Attribution theories focus on causal explanations that people generate to explain why a particular event/outcome has occured.
Theorists: Heidler, Kelley, Weiner
What was Heidler's Attribution Theory?
Orignial attribution theory that said people make "dispositional" or "situational" attributions.
What was Kelley's attribution theory?
People consider 3 types of info when making attributes...consistency of behavior, distinctiveness (unique to situation?), and consensus (would others behave the same way). Hi consistency with low distinctiveness & low consesus = internal attribution. Hi consistency w/high distinctiveness & hi consensus = external attribution.
WHat was Weiner's attribution theory?
In addition to examining internal vs. external dimensions, Weiner also looked at whether attributions are made to stable vs. unstable factors. ex. bad luck = unstable external factor and bad economy = stable external factor
What types of attributions are associated with depression?
attribute negative events to internal, stable, and global causes.
What is Fundamental Attribution Bias?
Attribute behavior of others to internal causes.
What is actor/observer bias?
Attribute own actions to external causes.
What is self-serving bias?
Attribute our own success to internal causes and failures to external factors.
What are Heuristics and name three types.
Heuristics are rules of thum people use to categorize things. "availability heuristic," "representative heuristic," & "simulation heuristic."
What is Availability Heuristic?
People estimate the likelihood of a situation by how easily they recall ir and are exposed to it.
What is the represtentative heuristic?
People make judgments about events/people based on what they believe to be a typical example.
What is simulation heuristic?
People develop mental images of situations and then use these images to make judgments and facts in their lives.

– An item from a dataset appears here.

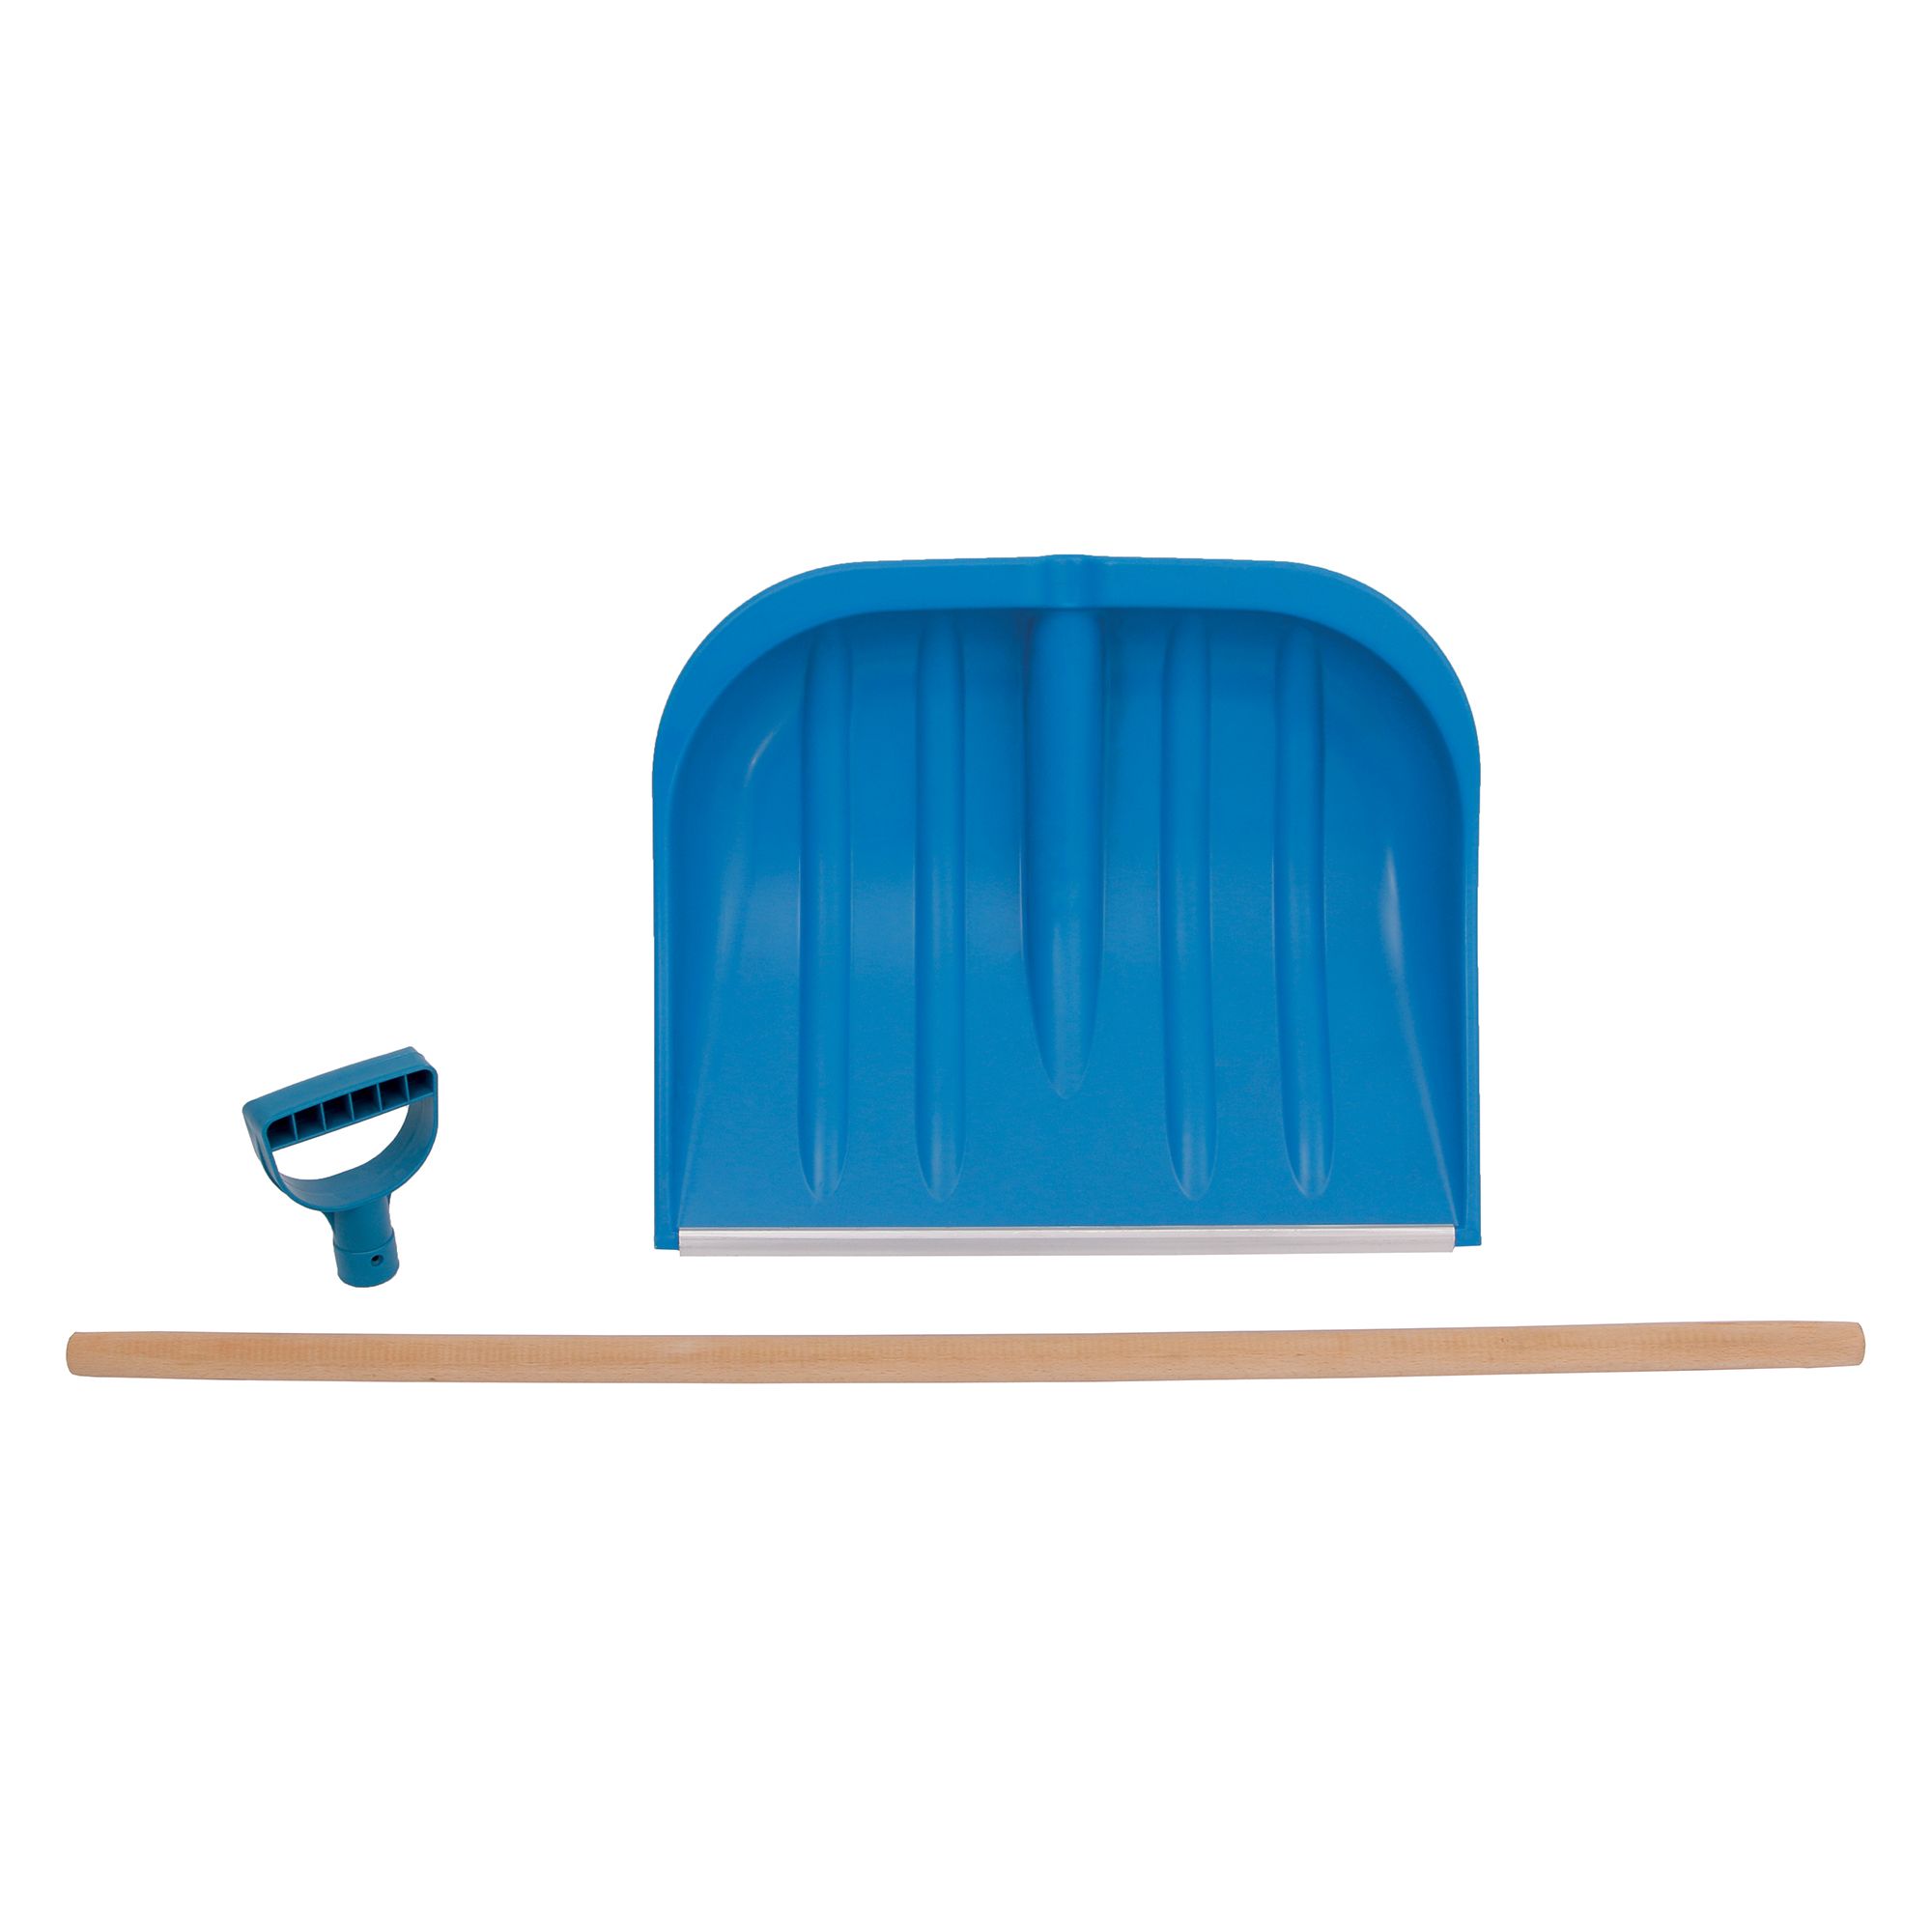 LEVIOR 60001 Odhrnovák na sníh modrý, dřevěná násada, 48 x 40cm, rozložený

What are the Consistency Theories based on and name three of them?
They propose that attitudes and change are organized by a need to impose structure & order on environment. Balance theory, congruity theory, and cognitive dissonance
Balance Theory
In interpersonal communication all elements seek balance.
Balance = all elements + or one element + and 2 -
unbalanced = all elements - or one element - and 2 +
Congruity theory
equilibruim = 2 objects equally evaluated.
Imbalance = 2 objects inequally evaluated
Cognitive dissonance
(Festinger) People change attitudes to decrease aversive arousal 2/2 to inconsistency in cog's or behaviors and cog's.
Name and describe 4 situations in which attitude change results from cognitive dissonance.
1. Post-decision dissonance - 2 choices, upset about not choosing one, emphasizes + features of one chosen.
2. Effort justification - emphasize positive qualities of effort spent on a goal that turned out to be unworthwhile.
3. Insufficient justification - emphasize + qualities of an undesirable behavior performed for little inducement.
4. Insufficient deterrence - emphasize - aspect of an action that was not performed b/c of small deterrent.
What is overjustification hypothesis?
People lose interest in previously desirable activities after performing them for too much justification. Ex. child enjoys reading, child gets paid to read and soon attributes his joy of reading to the $$. Take away the $$ and child stops reading.
What are the three factors most important in persuasion?
Source of message, the message, and the audience.
What are important factors about the source of information that influence pursuasive messages?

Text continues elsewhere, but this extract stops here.